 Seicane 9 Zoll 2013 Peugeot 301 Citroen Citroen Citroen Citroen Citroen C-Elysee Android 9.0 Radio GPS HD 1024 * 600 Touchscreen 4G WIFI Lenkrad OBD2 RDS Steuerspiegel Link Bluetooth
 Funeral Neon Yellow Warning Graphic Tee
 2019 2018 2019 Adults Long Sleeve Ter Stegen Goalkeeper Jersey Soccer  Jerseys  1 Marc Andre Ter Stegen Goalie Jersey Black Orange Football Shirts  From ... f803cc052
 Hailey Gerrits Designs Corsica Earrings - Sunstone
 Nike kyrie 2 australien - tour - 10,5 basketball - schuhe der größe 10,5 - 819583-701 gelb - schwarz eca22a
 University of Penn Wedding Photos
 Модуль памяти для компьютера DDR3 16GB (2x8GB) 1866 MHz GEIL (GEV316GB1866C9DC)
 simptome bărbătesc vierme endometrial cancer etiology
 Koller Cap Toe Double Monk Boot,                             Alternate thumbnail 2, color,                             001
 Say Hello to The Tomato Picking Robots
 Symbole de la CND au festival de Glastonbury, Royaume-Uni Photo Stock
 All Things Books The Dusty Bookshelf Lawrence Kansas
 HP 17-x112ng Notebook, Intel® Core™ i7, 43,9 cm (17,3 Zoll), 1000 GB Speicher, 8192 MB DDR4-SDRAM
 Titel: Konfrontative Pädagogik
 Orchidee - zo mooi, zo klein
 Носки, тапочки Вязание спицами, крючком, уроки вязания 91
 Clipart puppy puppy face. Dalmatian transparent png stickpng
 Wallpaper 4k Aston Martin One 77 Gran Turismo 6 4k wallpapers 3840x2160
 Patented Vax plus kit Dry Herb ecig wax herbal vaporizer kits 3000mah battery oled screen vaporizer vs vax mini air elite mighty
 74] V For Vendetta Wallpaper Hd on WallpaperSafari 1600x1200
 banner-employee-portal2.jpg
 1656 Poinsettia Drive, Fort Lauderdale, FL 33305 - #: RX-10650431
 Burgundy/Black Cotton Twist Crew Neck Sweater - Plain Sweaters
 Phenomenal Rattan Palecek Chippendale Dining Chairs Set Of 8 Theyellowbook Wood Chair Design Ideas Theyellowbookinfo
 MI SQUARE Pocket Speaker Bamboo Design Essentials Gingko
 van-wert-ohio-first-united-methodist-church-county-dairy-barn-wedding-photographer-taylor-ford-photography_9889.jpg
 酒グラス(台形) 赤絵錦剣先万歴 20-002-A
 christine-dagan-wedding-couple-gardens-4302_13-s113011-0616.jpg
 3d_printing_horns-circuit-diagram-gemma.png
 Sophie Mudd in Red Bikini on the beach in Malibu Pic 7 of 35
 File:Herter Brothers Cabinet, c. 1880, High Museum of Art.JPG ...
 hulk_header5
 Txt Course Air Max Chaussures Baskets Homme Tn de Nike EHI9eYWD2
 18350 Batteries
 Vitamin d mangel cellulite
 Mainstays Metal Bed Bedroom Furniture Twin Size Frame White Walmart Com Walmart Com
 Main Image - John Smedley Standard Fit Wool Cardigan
------------------------------------
- [THE PROBLEM] Copy back the listing above exactly, but only from the line with "Patented Vax plus" through the line with "hulk_header5", both ends included.

- [OUTPUT FOR THIS EXERCISE]
 Patented Vax plus kit Dry Herb ecig wax herbal vaporizer kits 3000mah battery oled screen vaporizer vs vax mini air elite mighty
 74] V For Vendetta Wallpaper Hd on WallpaperSafari 1600x1200
 banner-employee-portal2.jpg
 1656 Poinsettia Drive, Fort Lauderdale, FL 33305 - #: RX-10650431
 Burgundy/Black Cotton Twist Crew Neck Sweater - Plain Sweaters
 Phenomenal Rattan Palecek Chippendale Dining Chairs Set Of 8 Theyellowbook Wood Chair Design Ideas Theyellowbookinfo
 MI SQUARE Pocket Speaker Bamboo Design Essentials Gingko
 van-wert-ohio-first-united-methodist-church-county-dairy-barn-wedding-photographer-taylor-ford-photography_9889.jpg
 酒グラス(台形) 赤絵錦剣先万歴 20-002-A
 christine-dagan-wedding-couple-gardens-4302_13-s113011-0616.jpg
 3d_printing_horns-circuit-diagram-gemma.png
 Sophie Mudd in Red Bikini on the beach in Malibu Pic 7 of 35
 File:Herter Brothers Cabinet, c. 1880, High Museum of Art.JPG ...
 hulk_header5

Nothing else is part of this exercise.